The mechanism follows a predictable four-stage sequence (Figure F).[3][4] The system produces output that sounds authoritative and complete. That perceived completeness assigns trust: verification begins to feel redundant. Once scrutiny drops, the assumptions embedded in the output go unnamed. The failure does not surface immediately: it compounds quietly and emerges later, at greater cost, precisely because the confidence of the earlier output suppressed the friction that might have caught it sooner.
These questions point toward a practical distinction that practitioners can apply immediately: the difference between tools that retrieve and tools that build. A retrieval-focused tool matches your client's inputs against preexisting categories: symptom clusters, risk scores, and intervention libraries. A depth-focused tool, by contrast, uses each session to refine an evolving model of this person's cognitive architecture.
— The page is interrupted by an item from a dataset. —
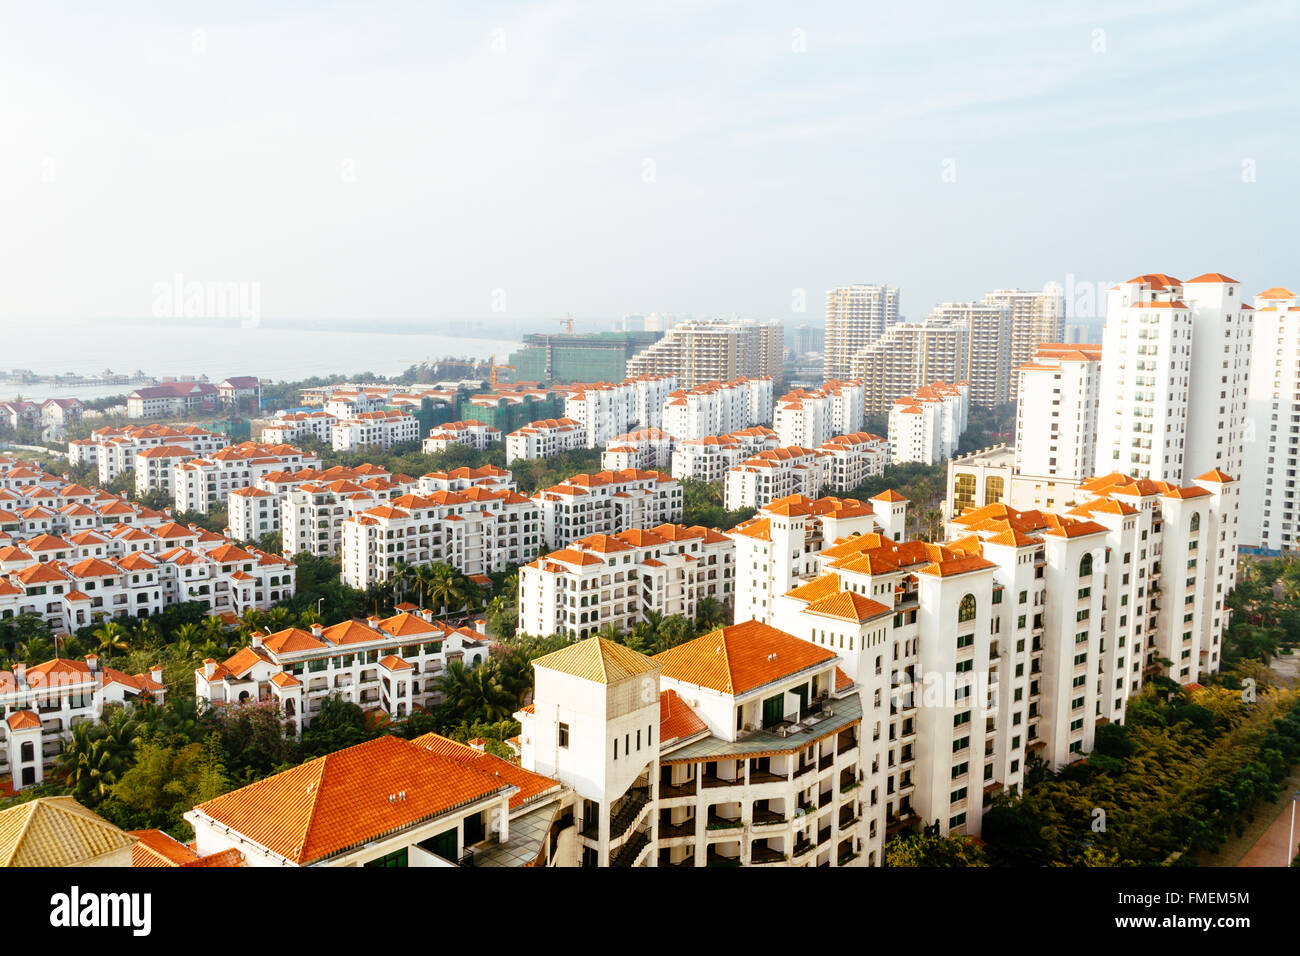 Wenchang, Insel Hainan, China - der Blick auf viele Neubauten in dieser kleinen Stadt, die meisten von ihnen werden nicht verkauft. Stockfoto

The former is faster. The latter is more likely to produce the kind of compounding outcomes that Shedler's evidence review documents.
In vendor or procurement conversations, three operational questions can expose which type you are actually evaluating. First: does the system maintain a persistent, specific to the individual record across sessions, or does each session begin without context? Second: can the system surface the reasoning behind a generated insight, specifically, which prior inputs or patterns led to it? Third: does the tool offer any mechanism for capturing material that the client could not access without prompting, such as structured reflection protocols, voice/tone input and assessment, or externalization tools and highly personalized prompts? A system that answers no to all three is a retrieval tool regardless of how it is marketed.
For organizations implementing AI in therapeutic or coaching contexts, the integration question is equally applicable. Current AI tools are most responsibly positioned where they extend the time between human sessions, not as a substitute for the therapeutic relationship, but as a structured holding environment that preserves continuity. The practitioner's role in designing what gets captured, how, and when is itself a clinical skill that no AI can replace.
The Right Question
The standard introduced at the outset, cura personalis, care for the full human being, proves, in practice, to be both a philosophical standard and a design requirement. The question is whether the tools we build can meet it. The future belongs to humans who bring something irreducibly their own. AI is the delivery mechanism. And the most important question we can ask of any AI tool is a simple one: does it amplify your distinctive perspective, or dissolve it into the average?